**WHAT IS NEEDED:**
Please repeat exactly the lines below from the line with "a person wearing" to the line with "Paris Throw Pillow", including both, and leave out every picture.

**DATA FOR THIS TASK:**
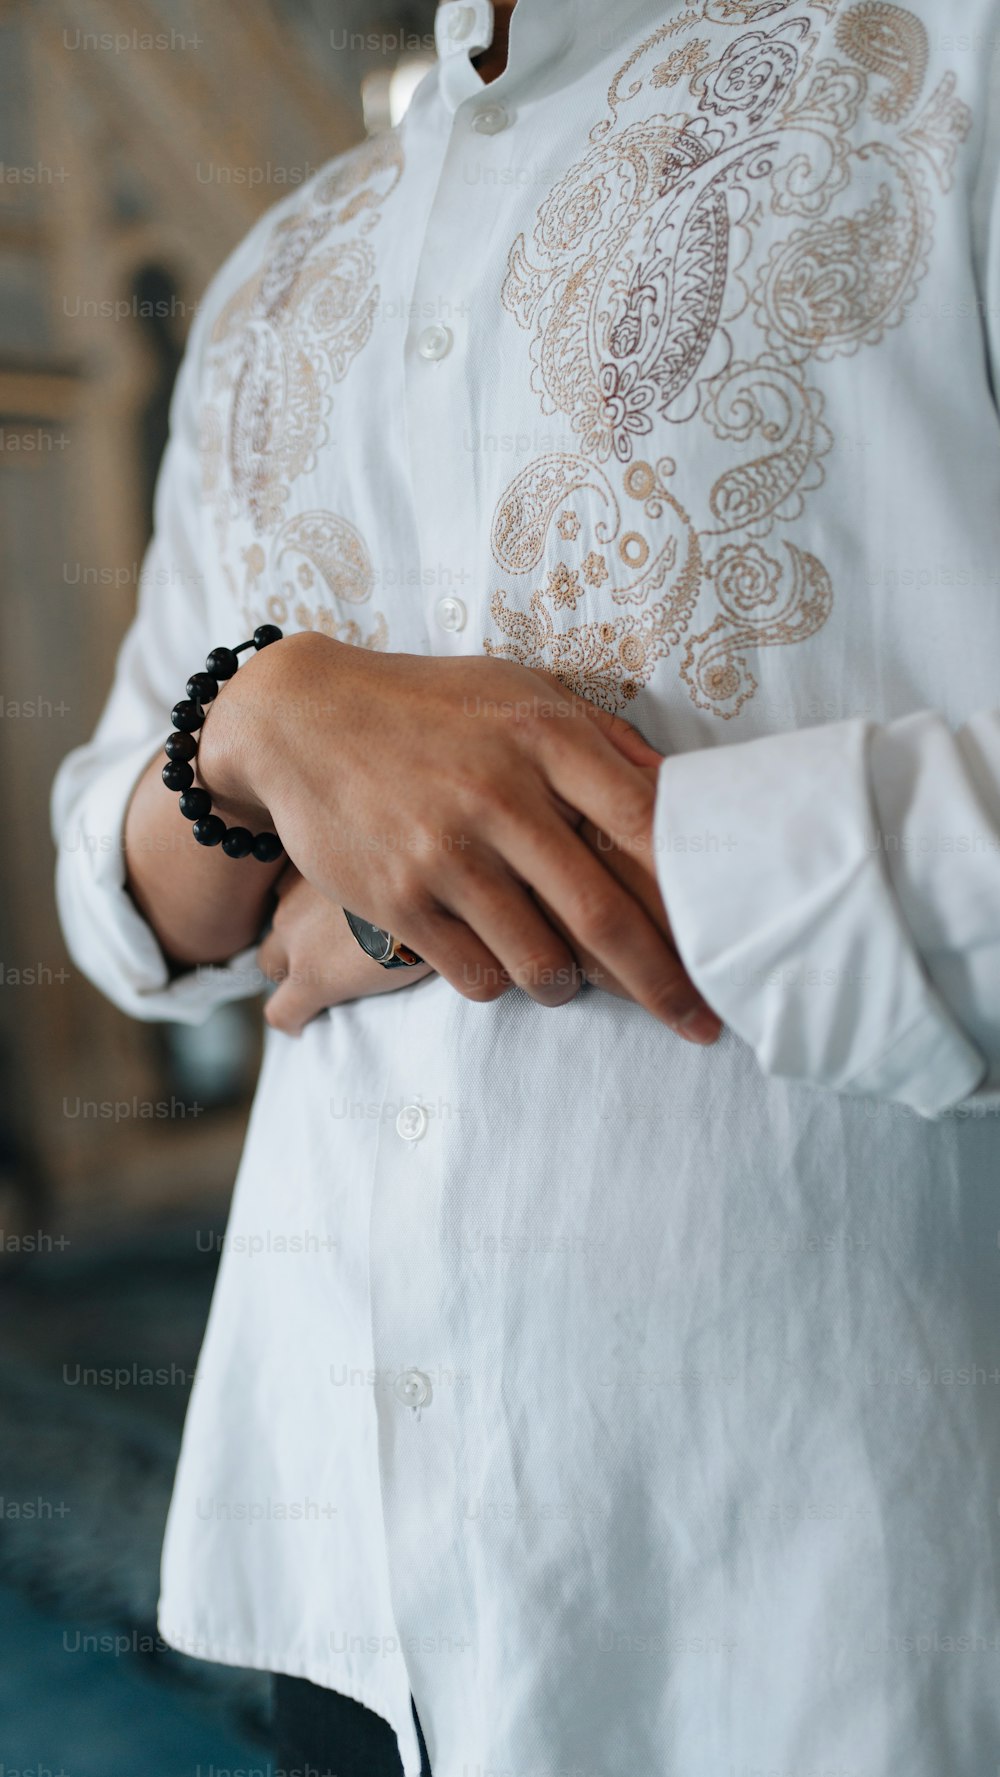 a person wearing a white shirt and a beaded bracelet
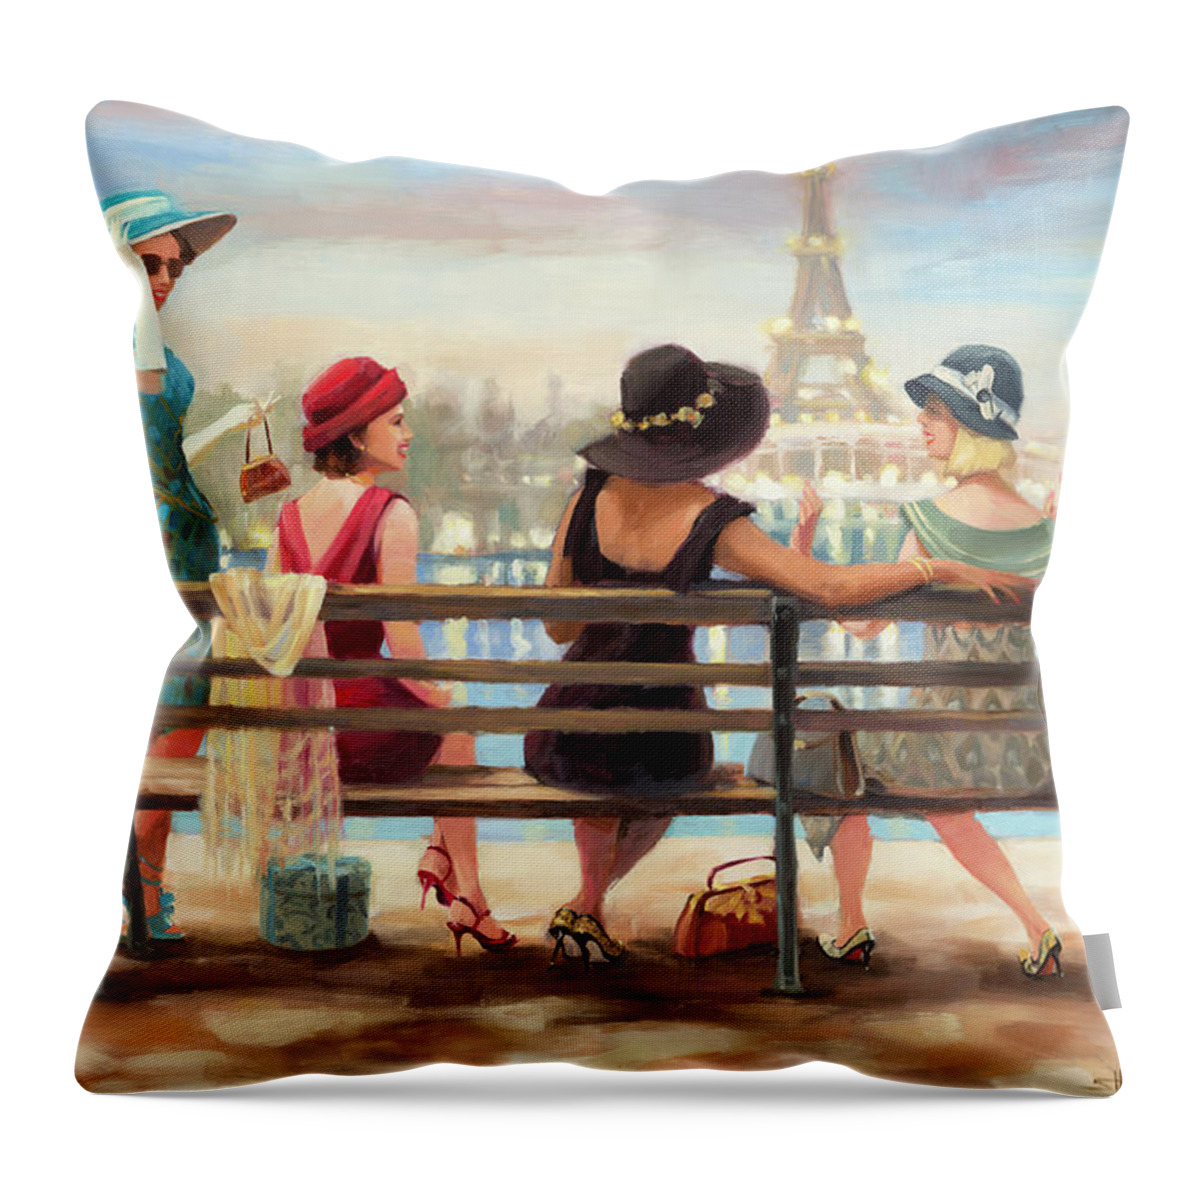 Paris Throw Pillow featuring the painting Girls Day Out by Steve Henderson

* * *

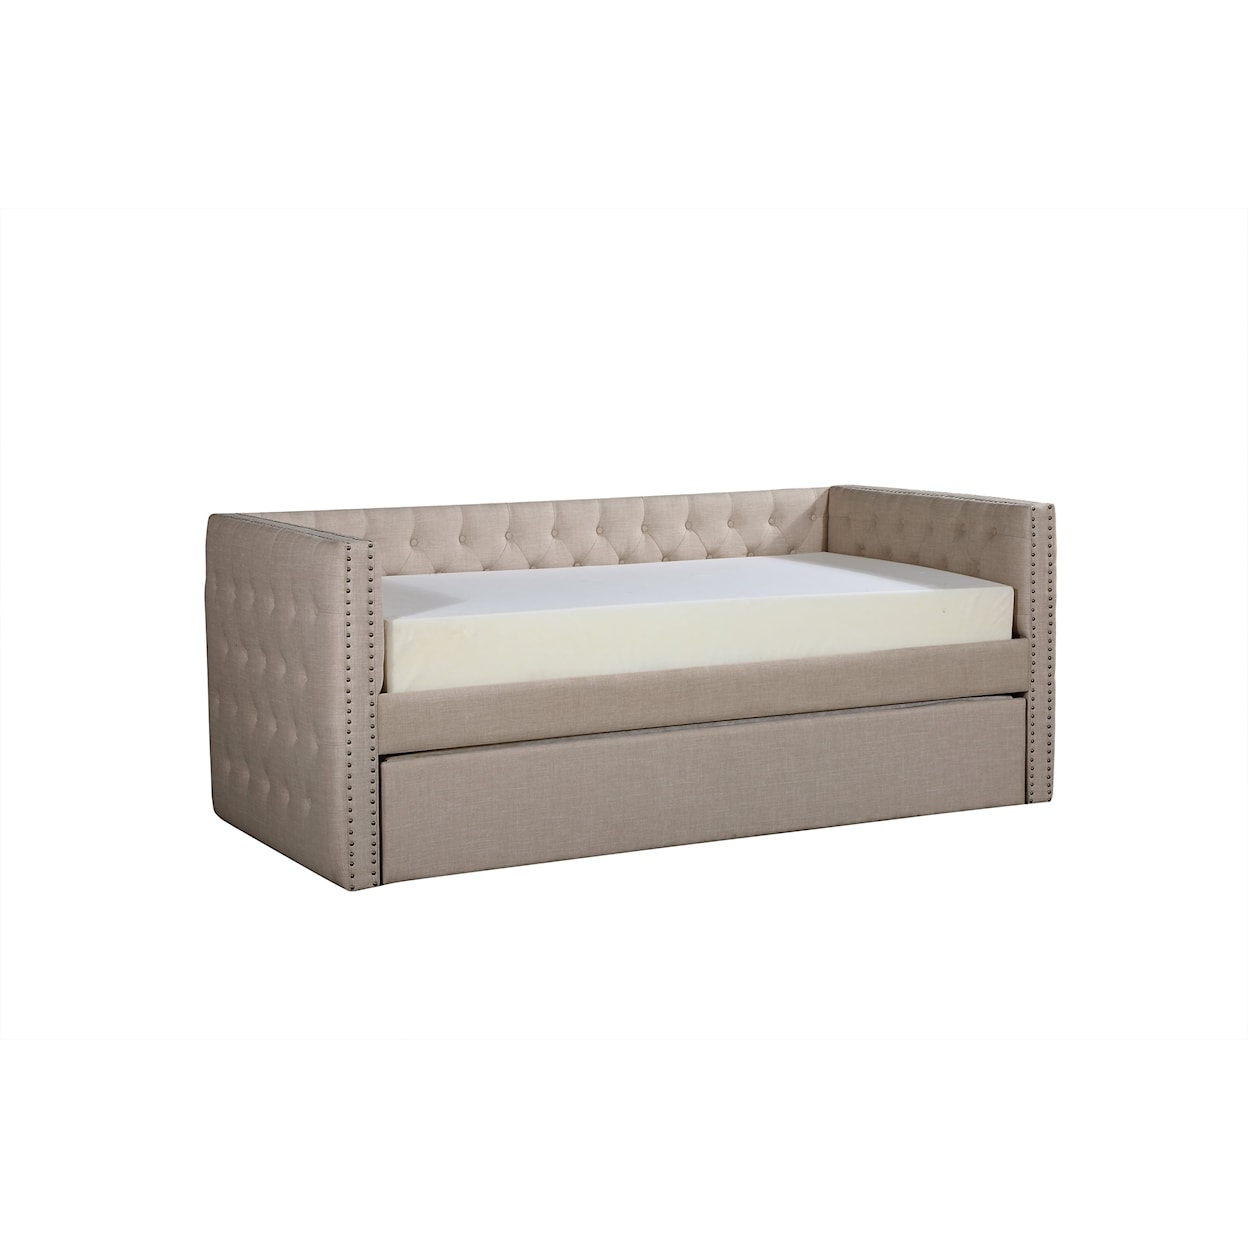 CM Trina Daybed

**TASK RESPONSE:**
 a person wearing a white shirt and a beaded bracelet
 Paris Throw Pillow featuring the painting Girls Day Out by Steve Henderson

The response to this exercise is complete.